A good place to start is the initial commit e83c516 (Initial revision
of "git", the information manager from hell, 2005-04-07).  The
architecture described therein is very simple and still exists today
with few changes.

To explain something that has come later, the easiest way is to learn
how the author explained it when the change was made.

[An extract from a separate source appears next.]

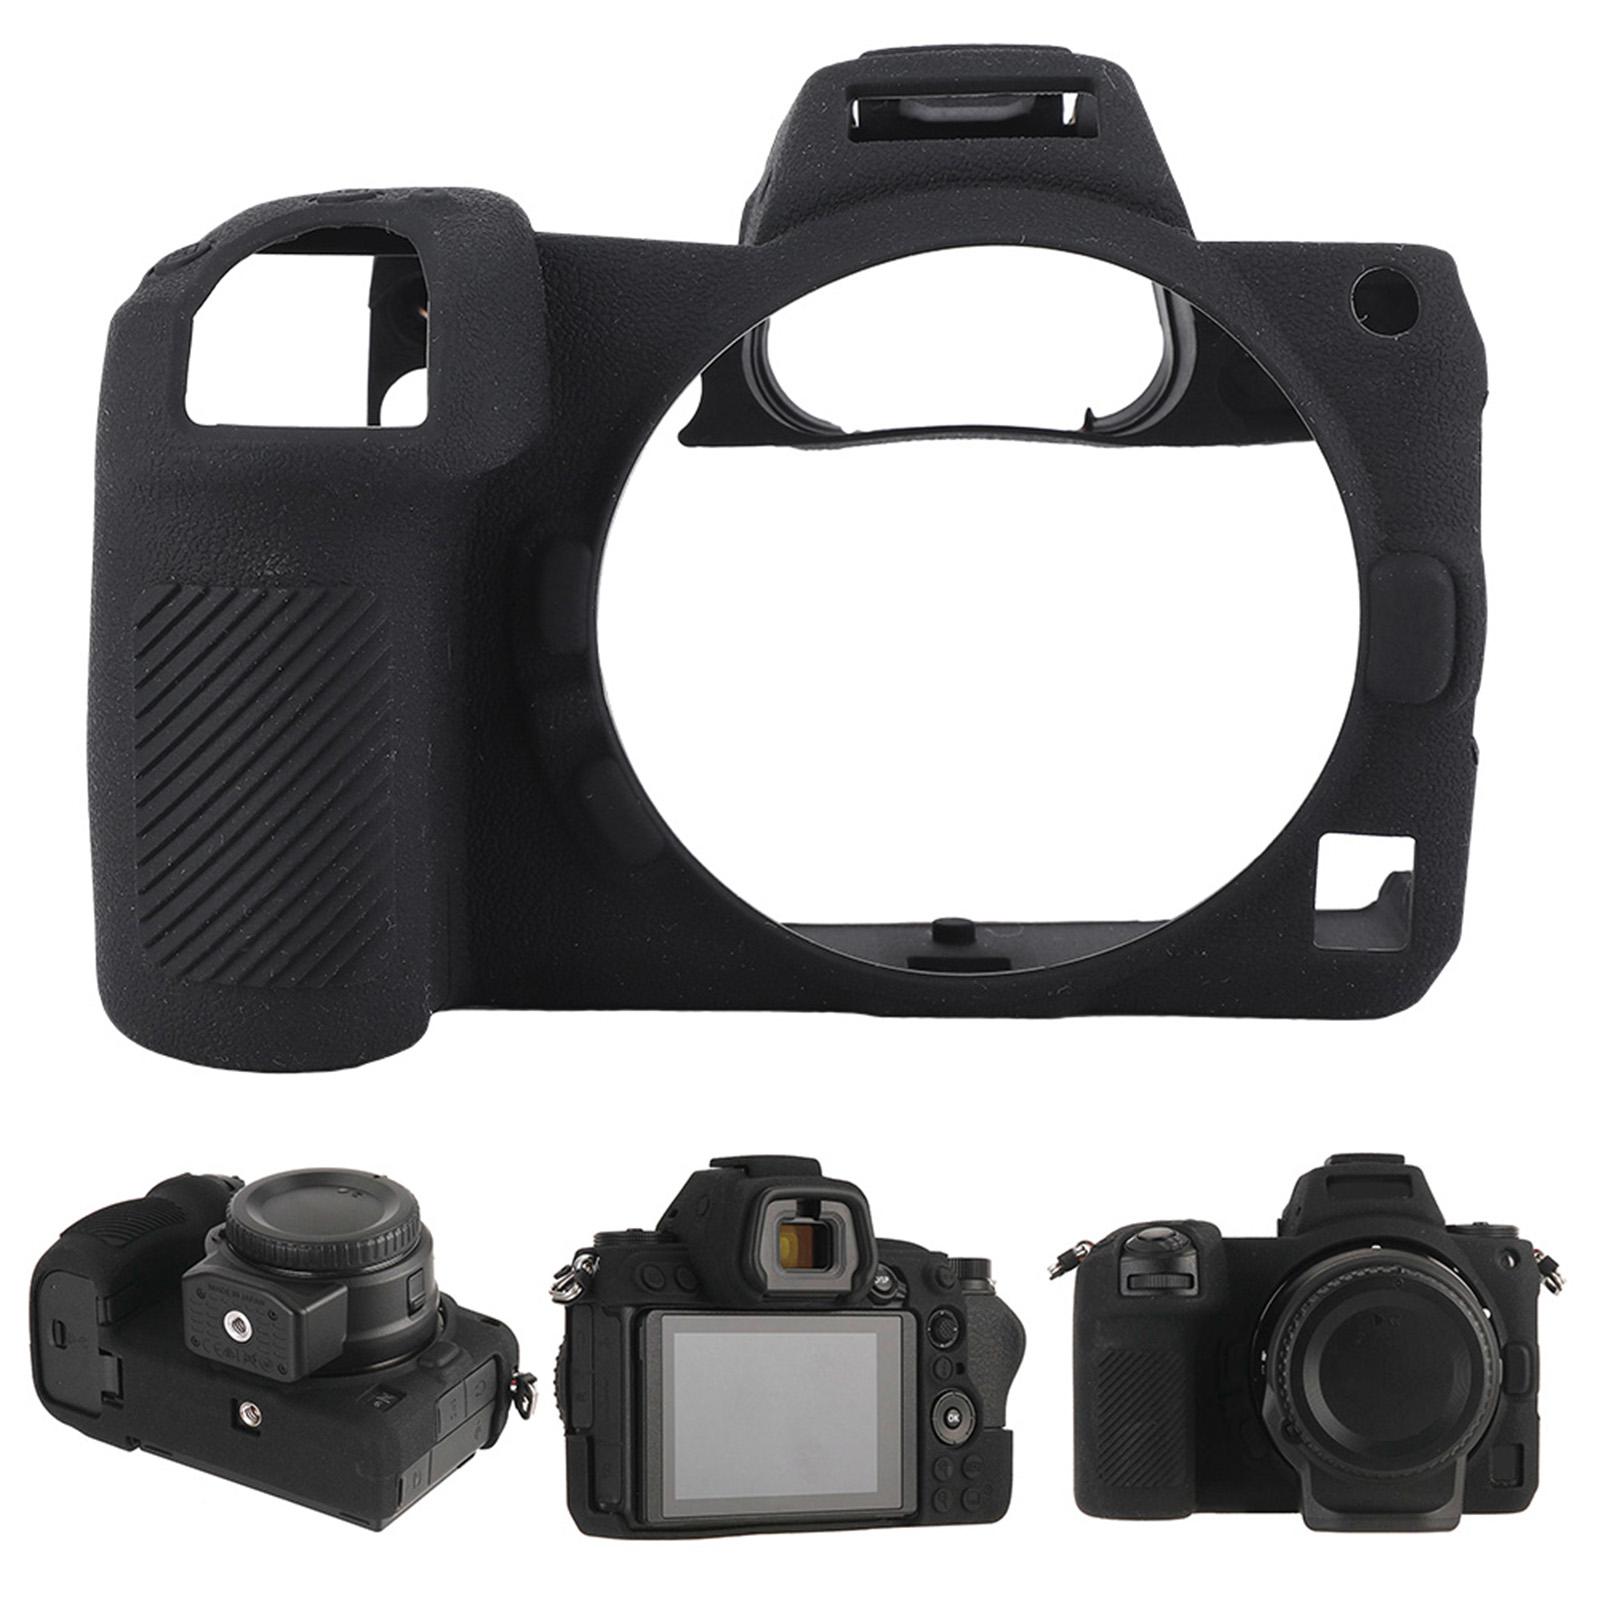 Funda-de-Silicona-Suave-a-Prueba-De-Golpes-Funda-Protectora-De-Camara-Para-Nikon-D5300-D7500-D3400 miniatura 36
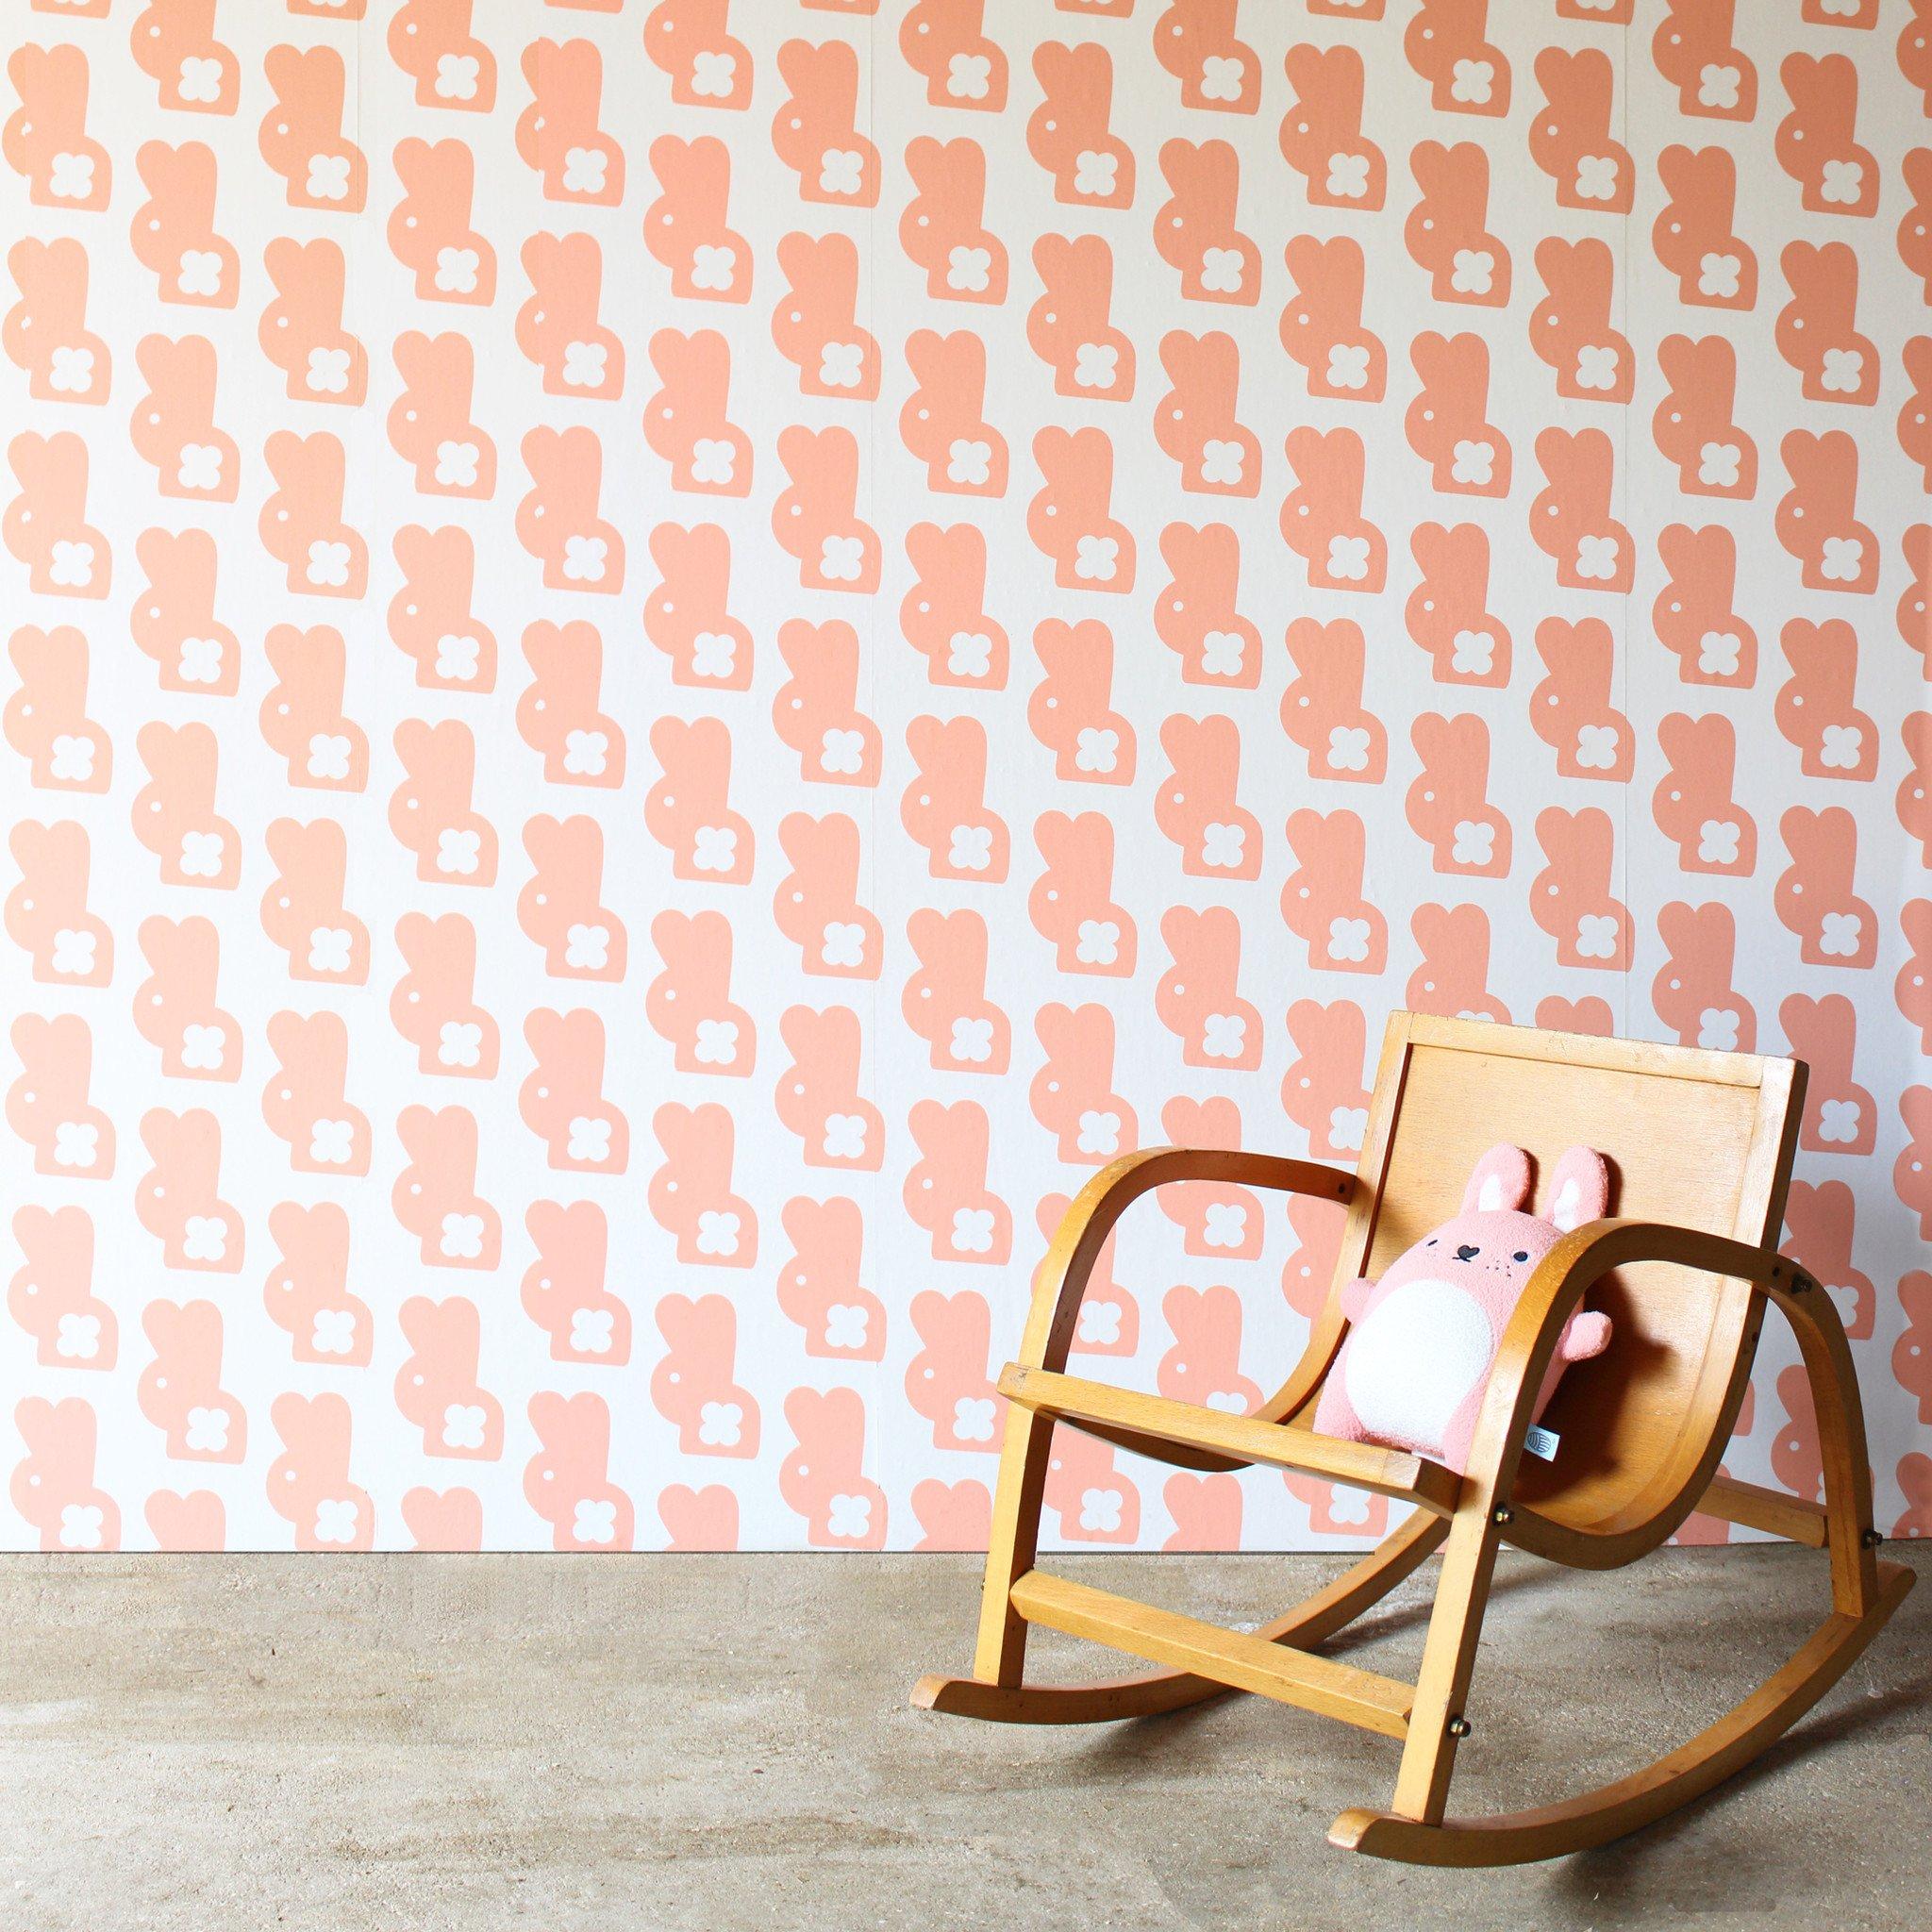 Bunny Wallpaper   Pink Shake   racheljpowell 2048x2048

Let me give an example.  Suppose I am wondering how git decides what
commits to show when I say "git log ^topic1 topic2".  In particular, I
wonder what the performance characteristics of that operation are and
how it is able to print the first result without spending O(depth of
history) to traverse all the ancestors of topic1 going back to the
beginning of time.

First step: what does "git log" do with that "^topic1 topic2"?  Wait,
where is the "log" command defined in the first place?

 $ git grep -e '"log"'
[...]
 git.c:          { "log", cmd_log, RUN_SETUP },
[...]

Ok, it's the cmd_log function.  Looking at the definition of that
function, it seems that it does

	init_revisions(&rev, prefix);
	rev.always_show_header = 1;
	memset(&opt, 0, sizeof(opt));
	opt.def = "HEAD";
	cmd_log_init(argc, argv, prefix, &rev, &opt);
	return cmd_log_walk(&rev);

 $ git grep -e init_revisions -- Documentation
 Documentation/technical/api-revision-walking.txt:`init_revisions`::

The revision walking API is explained in the api-revision-walking.txt
document.  From this we learn that responsibility for the revision
walk is divided between prepare_revision_walk and get_revision,
defined in revision.c.

prepare_revision_walk seems to use functions "handle_commit" and
"commit_list_insert_by_date".  What do they do?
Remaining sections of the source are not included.